We can also visually examine the PCA. A “screeplot” gives a visual representation of eigenvalues. In our case we see that the first two or three PCs contain the bulk of the variance present in the data.
screeplot(StoneOak.PCA)
biplot(StoneOak.PCA, cex=0.5, xlabs=rep("·", nrow(StoneOaks)))
In these “biplots” the points correspond to the component scores of the individual observations, while the vectors correspond to the loading of each of the original variables on each component. We can also extract the scores and add them back to the original data.
StoneOaksPCScores<-as.data.frame(StoneOak.PCA$scores)
head(StoneOaksPCScores)
## Comp.1 Comp.2 Comp.3 Comp.4 Comp.5 Comp.6
## 1 2.842425 0.03667149 -0.3693292 0.07378349 -0.03827781 -1.293314331
## 2 2.011859 0.30272532 -0.4995037 0.34976411 0.05955874 -1.016143417
## 3 1.409203 1.33018459 -0.3633893 -0.15071107 -0.10815532 -0.517530326
## 4 3.615345 1.29749715 -1.4547347 0.27539535 0.10277510 -0.225302171
## 5 1.654915 -0.50988993 0.9514592 0.30350444 0.68581875 0.043195158
## 6 1.323148 0.81171348 1.1647015 0.70552097 1.37782601 -0.008722672
## Comp.7 Comp.8 Comp.9 Comp.10 Comp.11 Comp.12
## 1 0.31444537 0.03862543 0.3617406 0.67826900 -0.198461519 -0.17680220
## 2 0.55404140 0.39781634 0.2395934 0.01434514 -0.165045962 -0.10181179
## 3 -0.09336016 0.01902432 0.1625734 -0.23902905 -0.054723676 -0.08797517
## 4 -0.15543292 -0.53984109 -0.2960682 0.37367076 0.115257259 0.07215872
## 5 0.22067397 0.31393496 0.3368367 -0.06753862 0.003897437 0.06802637
## 6 0.01748807 0.09829213 0.9939816 0.47496665 -0.193538178 -0.02182579
## Comp.13
## 1 0.020505474
## 2 0.003904616
## 3 -0.491211822
## 4 0.036876438
## 5 -0.046002448
## 6 0.144771833
StoneOaksPC<-cbind(StoneOaks, StoneOaksPCScores)

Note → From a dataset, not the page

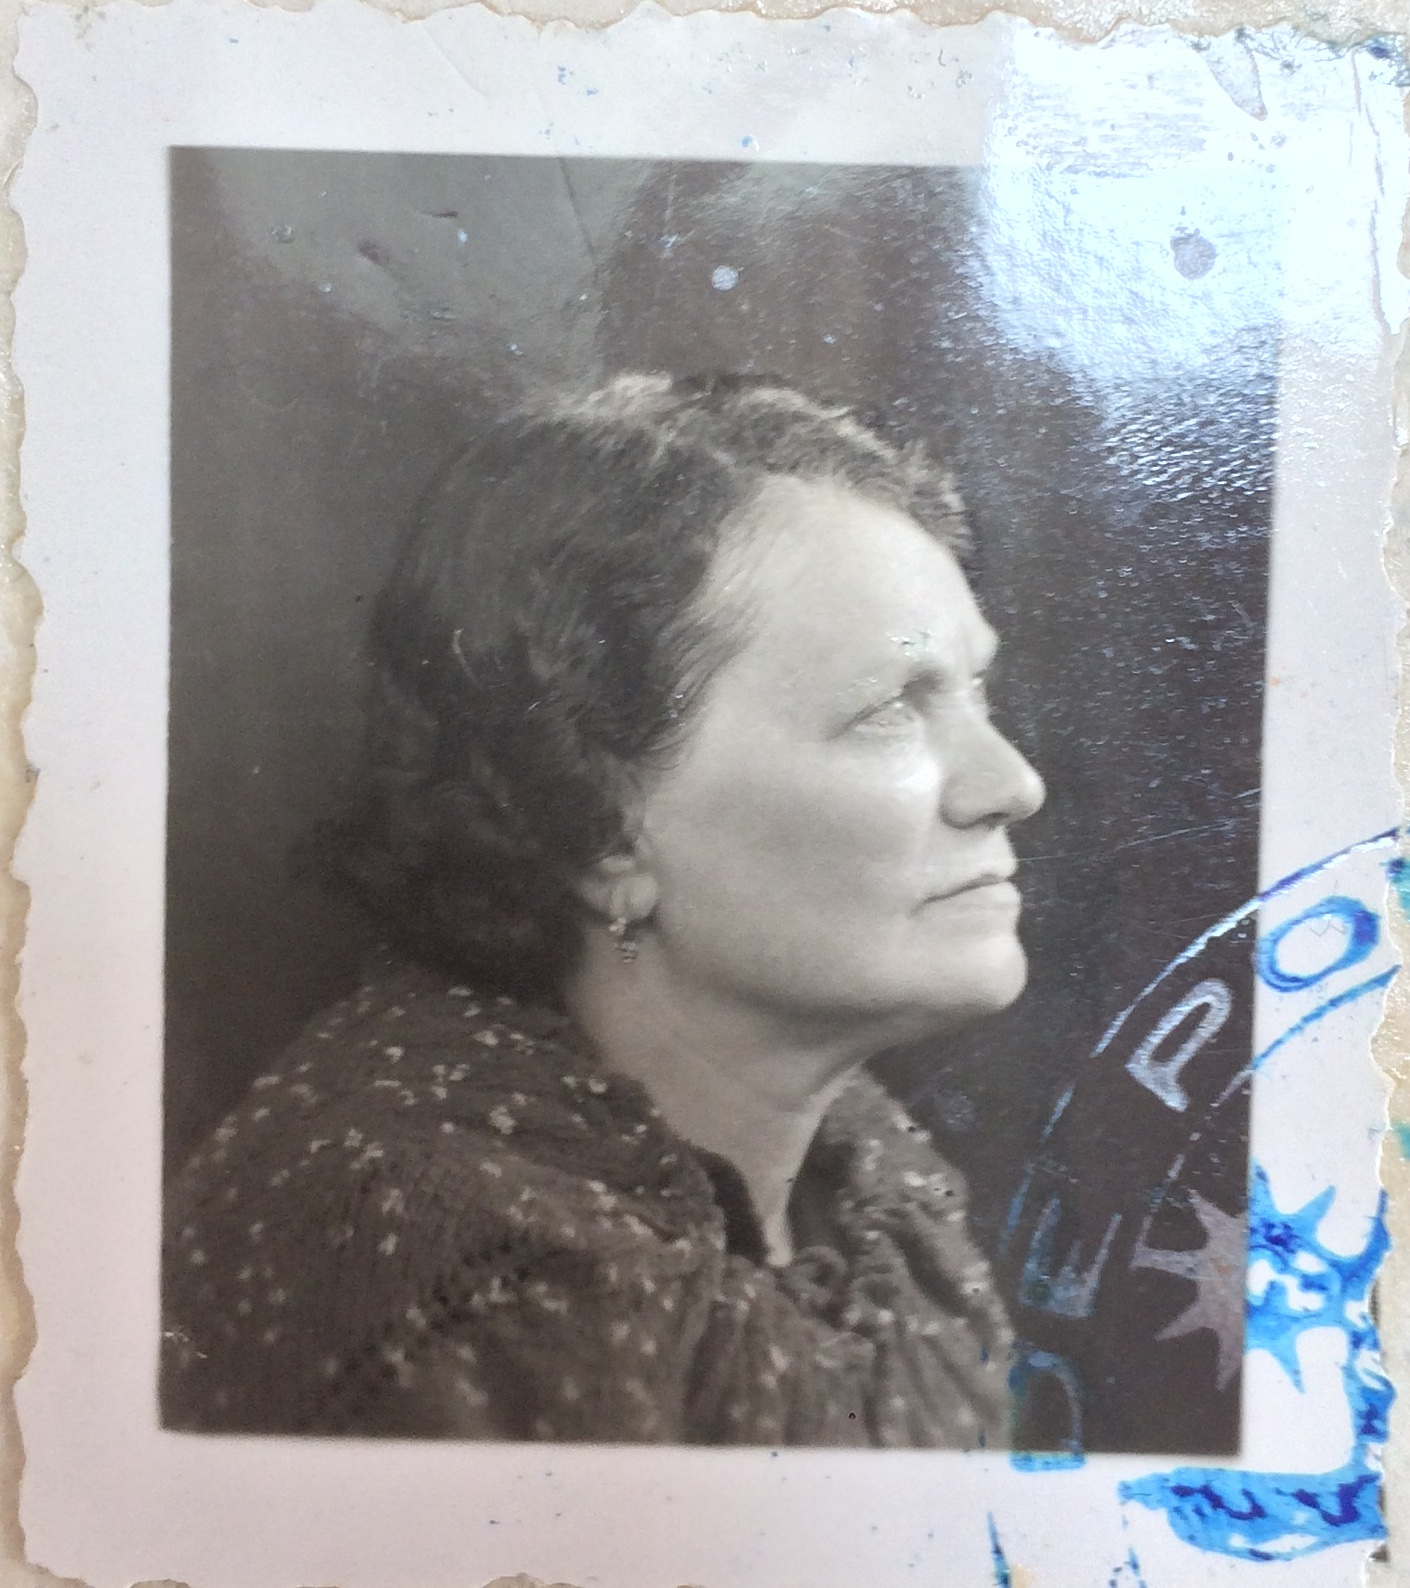 Oro AROUETE 1940 [ADLA 4M925]

Now we can see if the two fruit types are shaped differently.
require(lattice)
## Loading required package: lattice
xyplot(Comp.2~Comp.1, groups=FruitType, data=StoneOaksPC)

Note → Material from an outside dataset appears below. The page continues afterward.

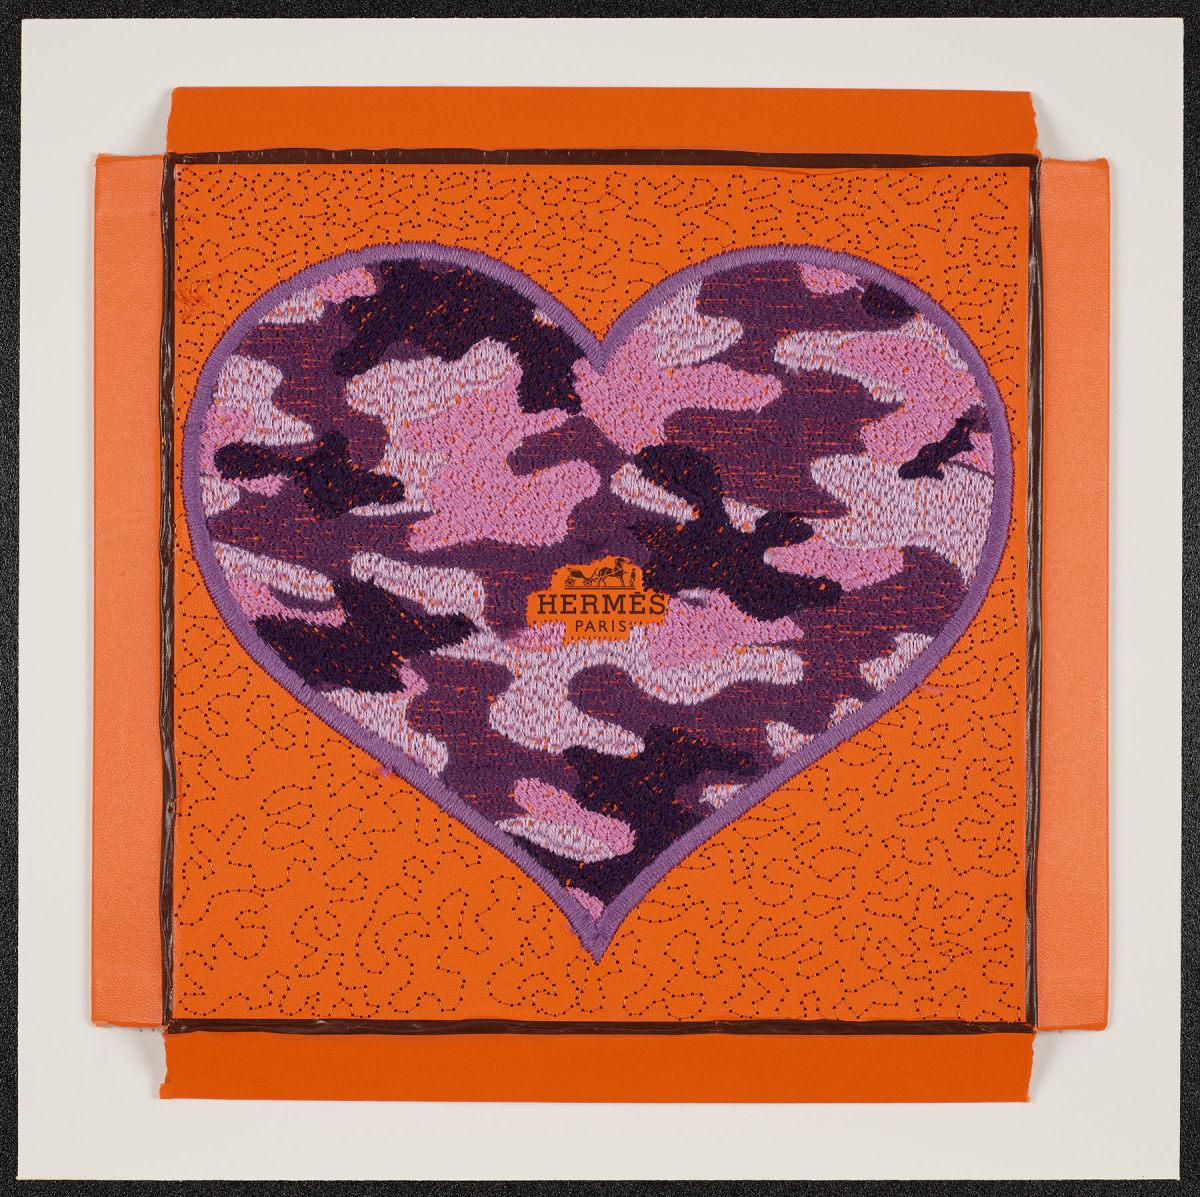 Stephen Wilson, Hermes Camo Heart (Flat Purple), 2020

xyplot(Comp.3~Comp.2, groups=FruitType, data=StoneOaksPC)
xyplot(Comp.3~Comp.1, groups=FruitType, data=StoneOaksPC)
There are also some more flexible plotting tools for examining PCA models.
require(ggfortify)
## Loading required package: ggfortify
## Loading required package: ggplot2
autoplot(StoneOak.PCA, data=StoneOaks, colour="FruitType", loadings.label=TRUE, loadings.label.repel=TRUE, loadings.colour="black", loadings.label.colour="black", frame=TRUE, frame.type="t", frame.colour="FruitType")
autoplot(StoneOak.PCA, data=StoneOaks, x=2, y=3, colour="FruitType", loadings.label=TRUE, loadings.label.repel=TRUE, loadings.colour="black", loadings.label.colour="black", frame=TRUE, frame.type="t", frame.colour="FruitType")
Often it is useful to examine the PC loadings in light of the underlying variables. In this case, the positive loadings on all the variable on the first PC suggest that it is a measure of overall size of the fruit. The second PC represents differential size of the exocarp (e measures) relative to the receptacle (r measures) and Theta (the tip angle).